WHAT IS BEING ASKED:
Among the entries below, the lines from the one with "安徽**展厅讲解机器人* 和谐共赢 昆山新正源机器人智能科技供应" up to and including the one with "DÖRÖY Koffer ABS-Material" are to be restated exactly, without pictures.

SUPPLIED MATERIAL:
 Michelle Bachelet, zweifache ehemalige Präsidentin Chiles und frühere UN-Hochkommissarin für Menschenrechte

==

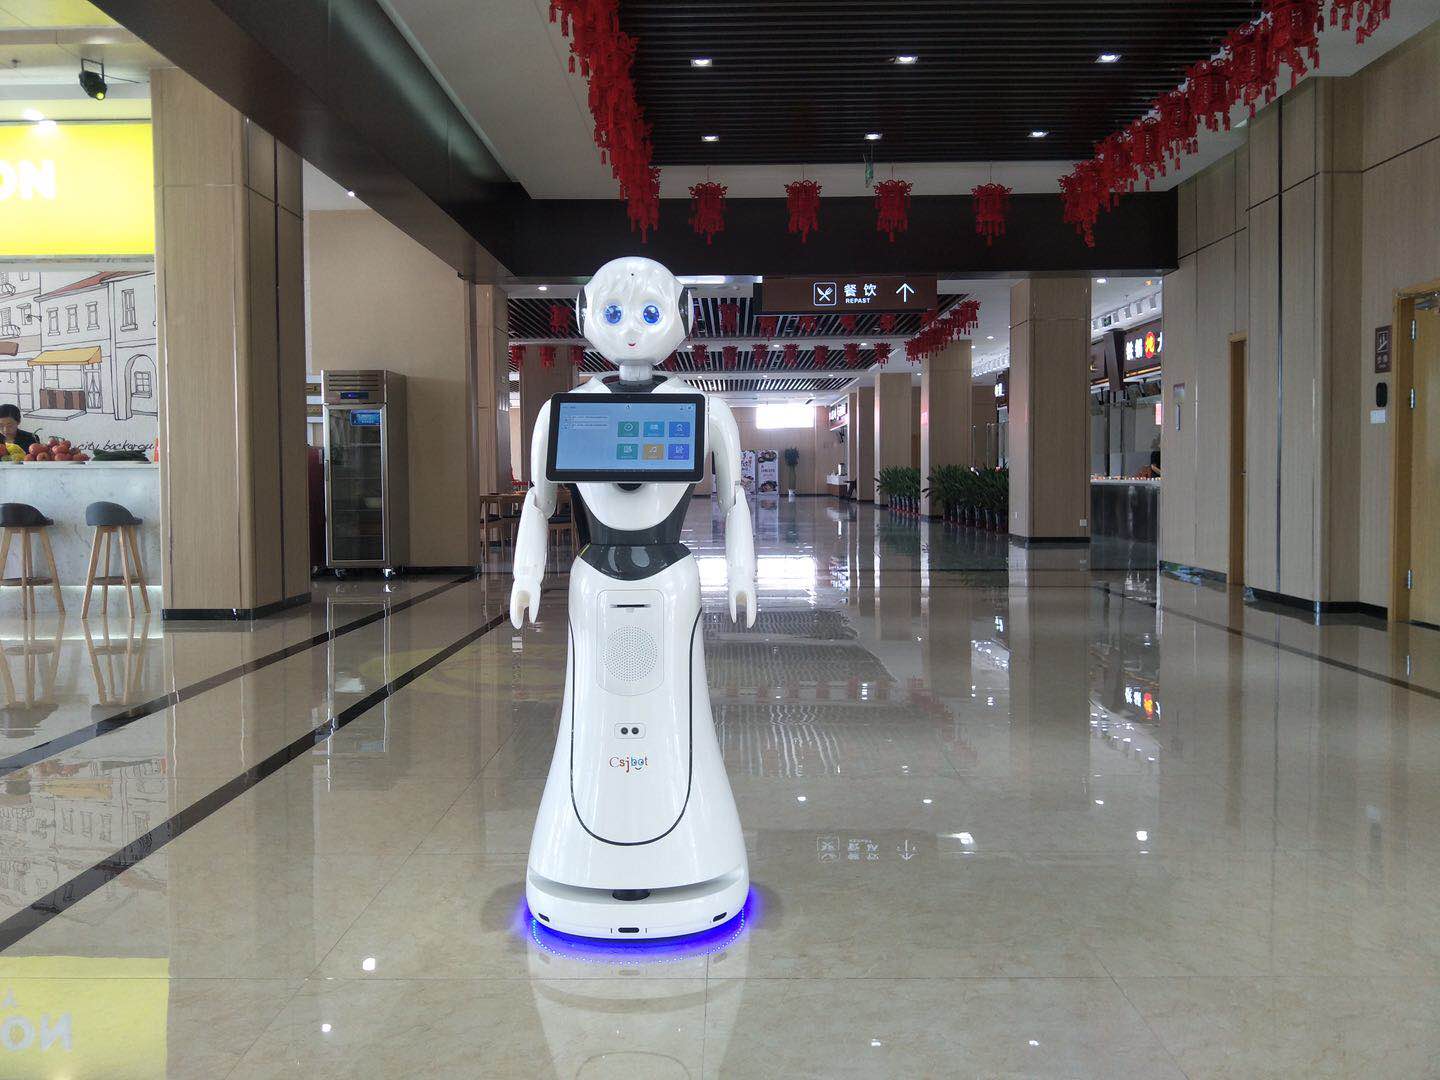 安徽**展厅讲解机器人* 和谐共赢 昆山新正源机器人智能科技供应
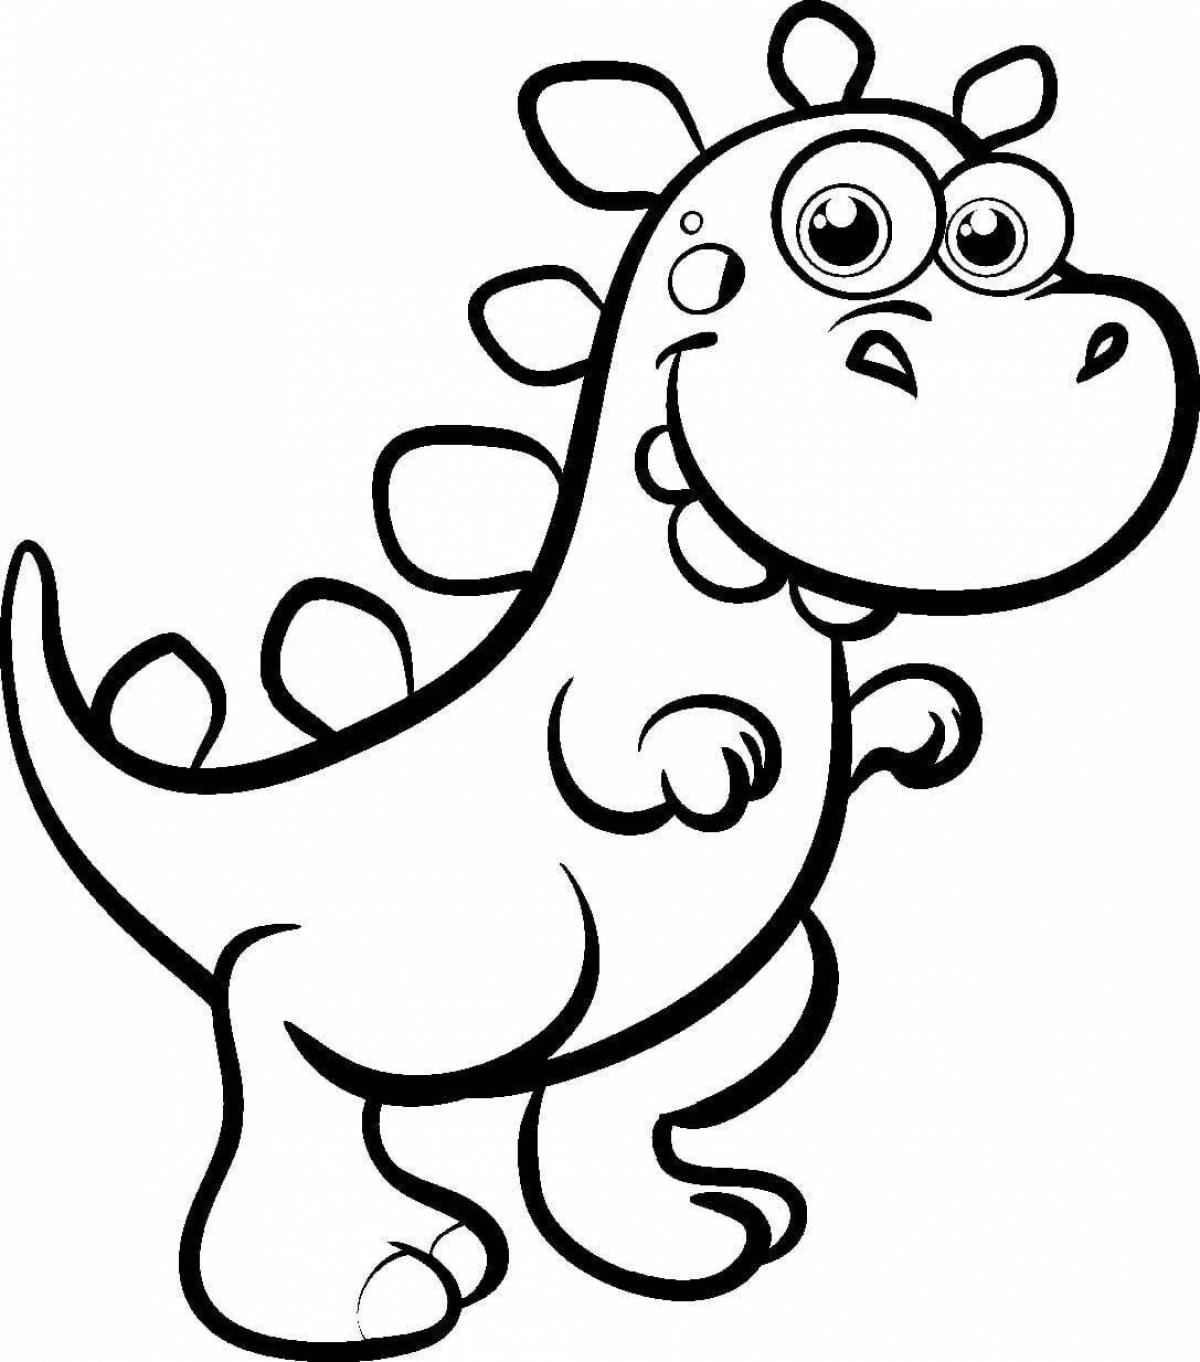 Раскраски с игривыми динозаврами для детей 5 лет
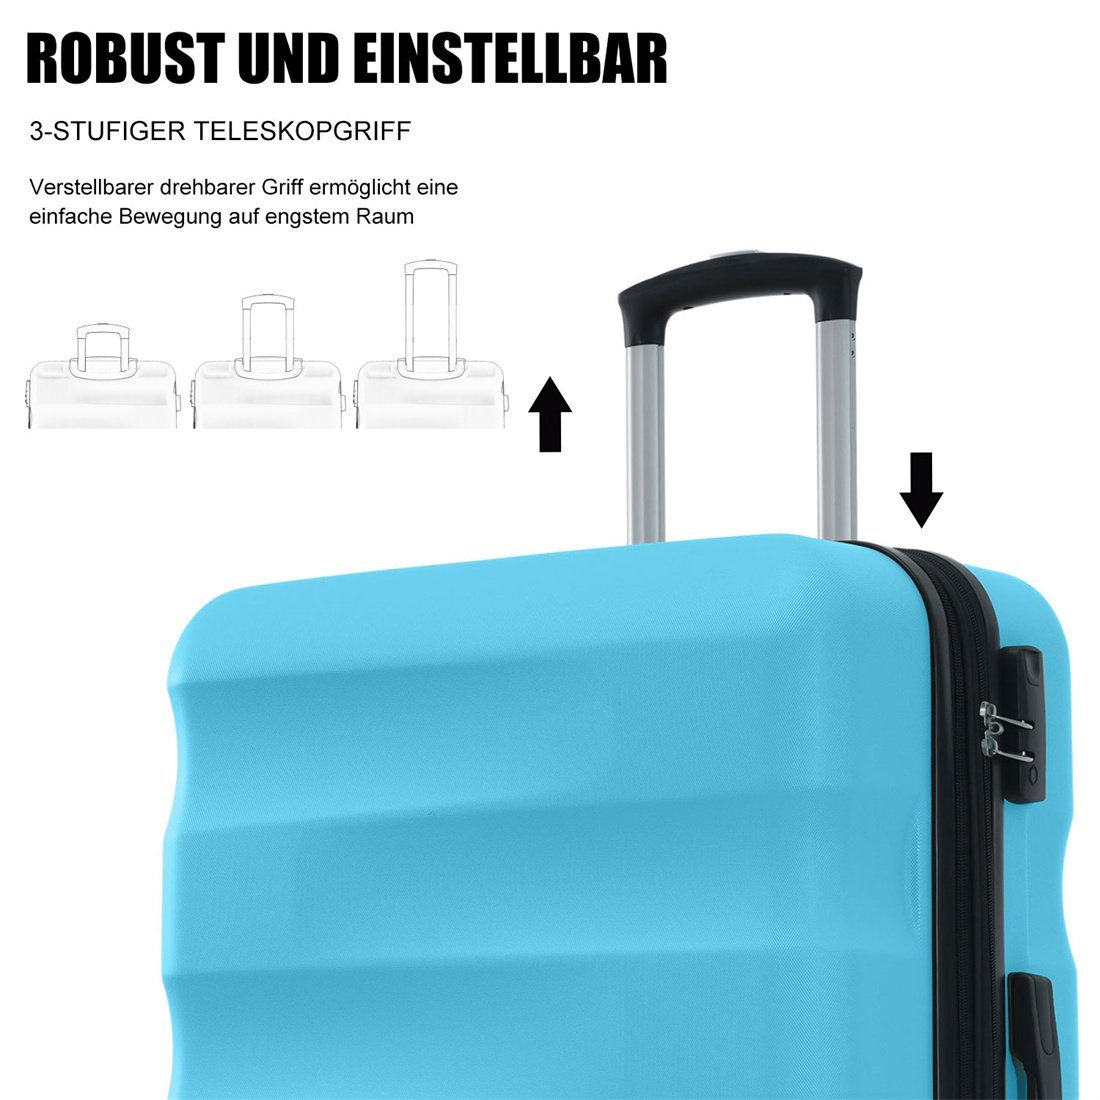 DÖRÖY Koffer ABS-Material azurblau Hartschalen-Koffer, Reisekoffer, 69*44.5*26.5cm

REPLY TO THE TASK:
 安徽**展厅讲解机器人* 和谐共赢 昆山新正源机器人智能科技供应
 Раскраски с игривыми динозаврами для детей 5 лет
 DÖRÖY Koffer ABS-Material azurblau Hartschalen-Koffer, Reisekoffer, 69*44.5*26.5cm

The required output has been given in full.